New findings highlight need to reconsider cervical cancer screening guidelines
Women older than age of 65 should still get screenings
One in five women diagnosed with cervical cancer in the United States will be diagnosed after the age of 65, suggesting that the recommend age to stop cervical cancer screening should be reconsidered, according to researchers who presented today at the Society of Gynecologic Oncology’s 2018 Annual Meeting on Women’s Cancer.
The American Cancer Society, American Society for Clinical Pathology and American Society of Colposcopy and Cervical Pathology currently recommend that cervical screening stop after women turn 65 years of age, as long as they have had adequate screening and are at low risk. The guidelines do not currently address how to stratify risk of cervical cancer in women over the age of 65.
Lead researcher Sarah Dilley, MD, MPH, fellow in gynecologic oncology at The University of Alabama at Birmingham presented findings showing 19.7 percent of cervical cancer cases were diagnosed in women age 65 or older from 2000-2014 according to the Surveillance, Epidemiology and End Results (SEER-18) program database. The database, of the National Cancer Institute, keeps information on cancer incidences and survival rate across the country.
Dr. Dilley also used the National Cancer Database to investigate cervical cancer rates based on age and found that 18.9 percent of cervical cancer cases were diagnosed in women over the age of 65 from 2004-2014.

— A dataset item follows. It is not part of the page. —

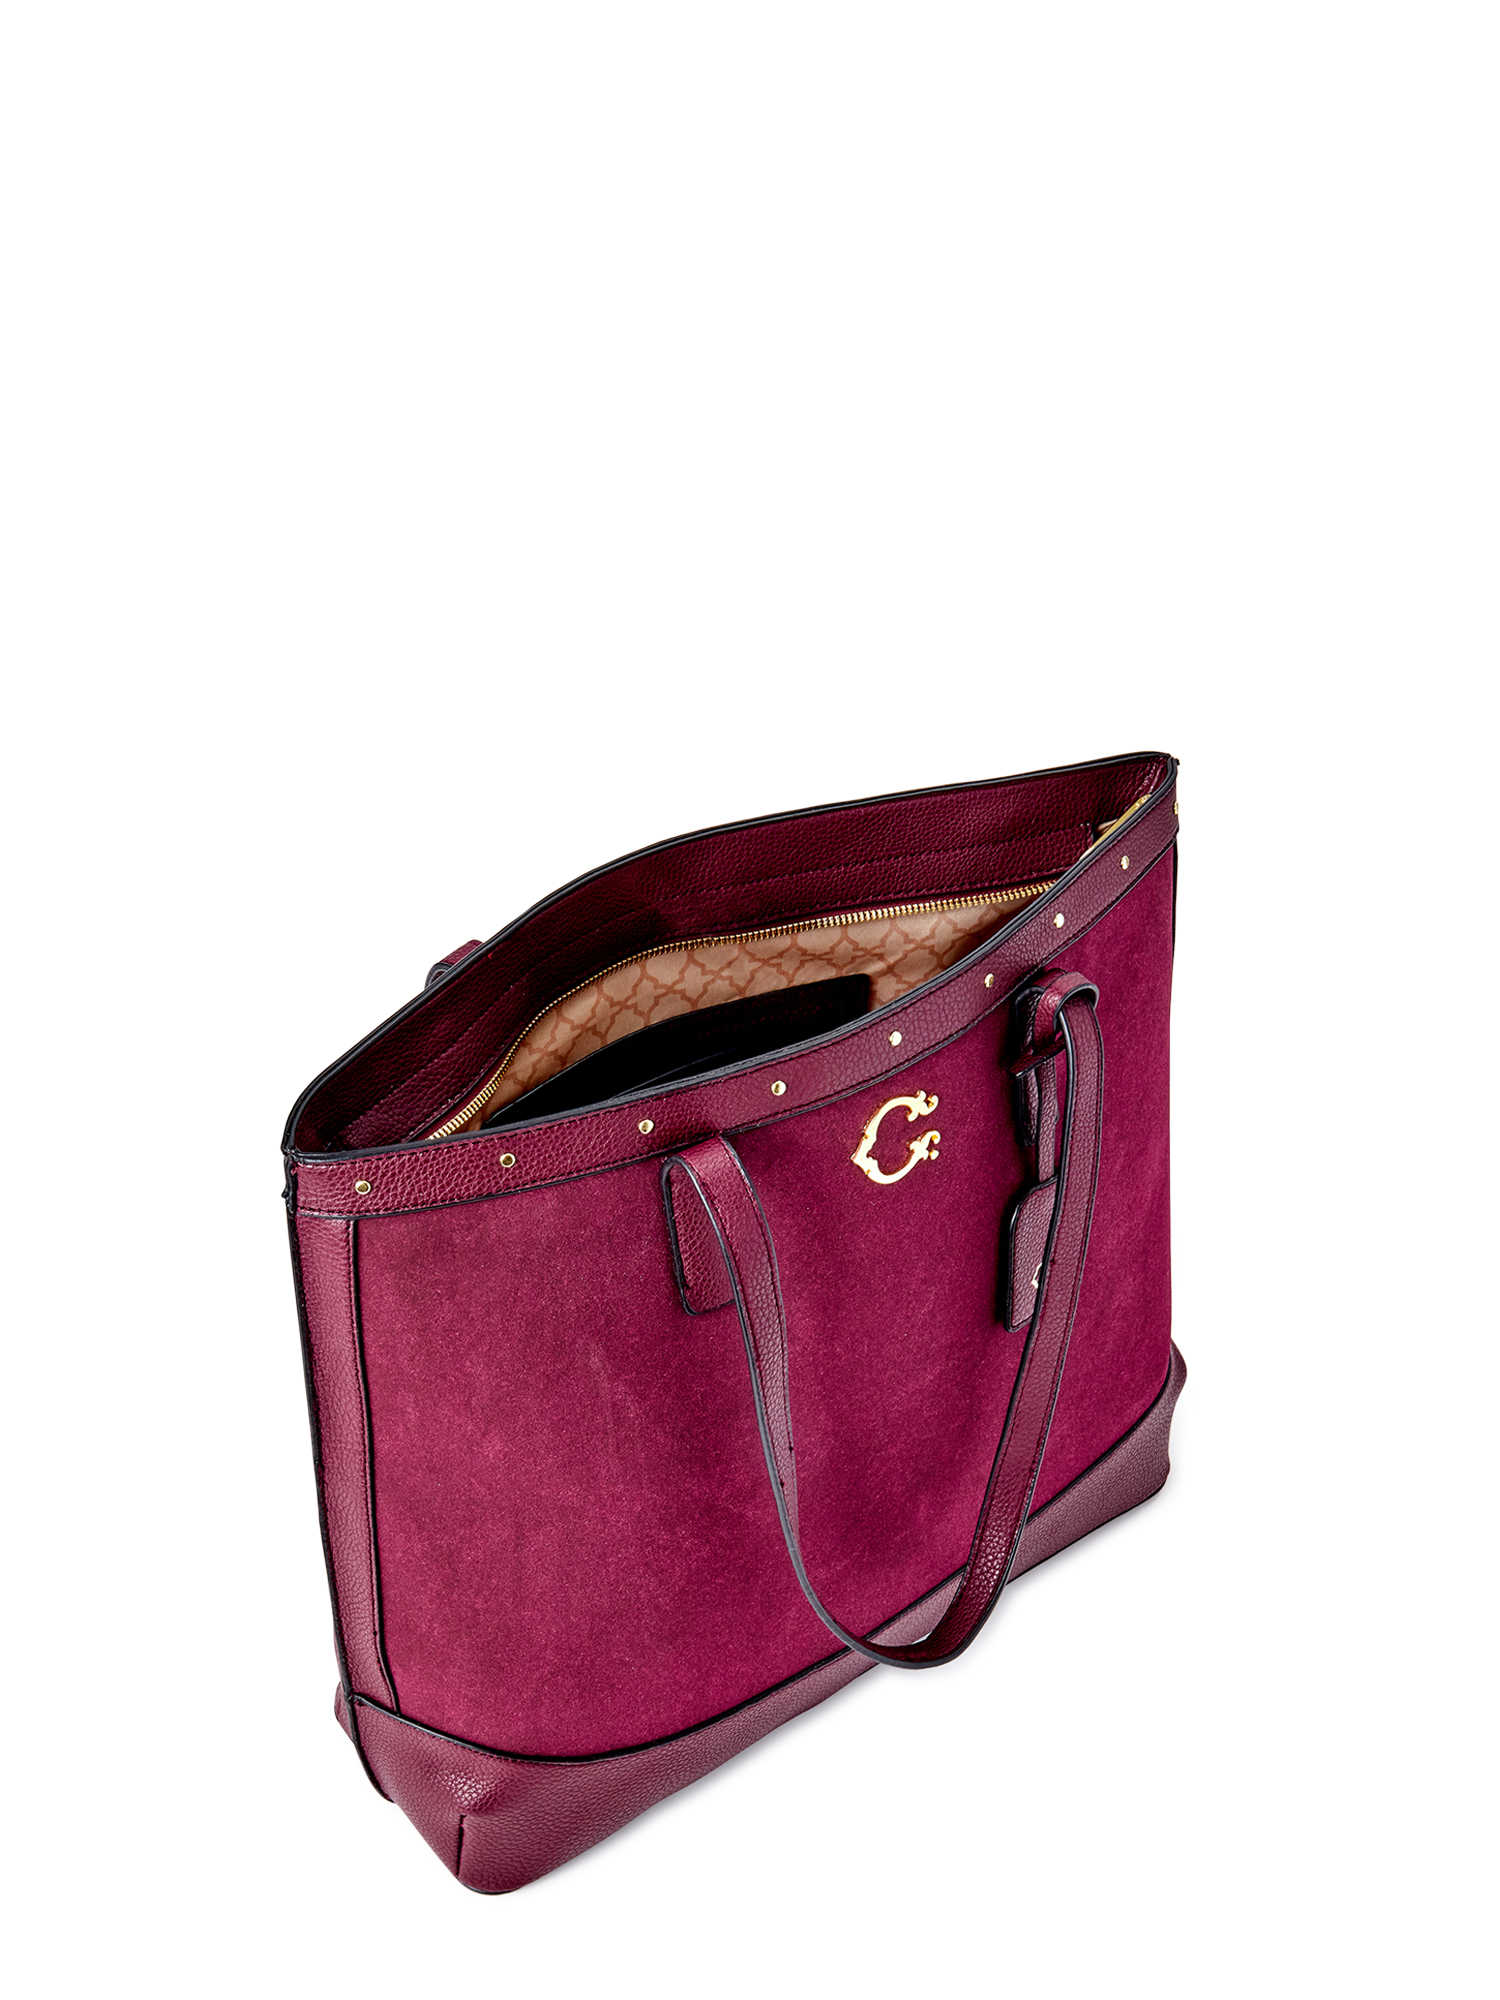 C. Wonder Women's Emma Faux Suede Studded Tote Bag Wine - image 5 of 5

When stratified by age, 22.9 percent of African American women who are diagnosed with cervical cancer are age 65 or older, compared to 20.5 percent of non-Hispanic white women.
The National Cancer Database (NCDB), sponsored by the American College of Surgeons and the American Cancer Society, collect hospital registry data from more than 1,500 Commission on Cancer (CoC)- accredited facilities.
The data are especially interesting when compared to women diagnosed from ages 20 to 29. Only 5.1 percent of cervical cancer cases were diagnosed from age 20 to 29, while 8 percent were diagnosed from age 70 to 79. “This data point contradicts the misperception that women usually only are diagnosed with cervical cancer at a younger age,” Dr. Dilley said.
“Our data suggest that a considerable proportion of women are diagnosed with cervical cancer after age 65, which suggests that patients are being aged out too soon or not getting screened at all,” Dr. Dilley continued. “Professional societies should consider extending the age screening requirements to improve outcomes for this older population of women.”
While age outcomes need to be addressed with cervical cancer screening, Dr. Dilley said that health disparities are still very much evident with cervical cancer patients.
The results of this study suggest that some women over the age of 65 years may still benefit from screening to prevent age-based disparities in cervical cancer diagnoses and emphasize the importance of informed shared decision-making between patient and her doctor.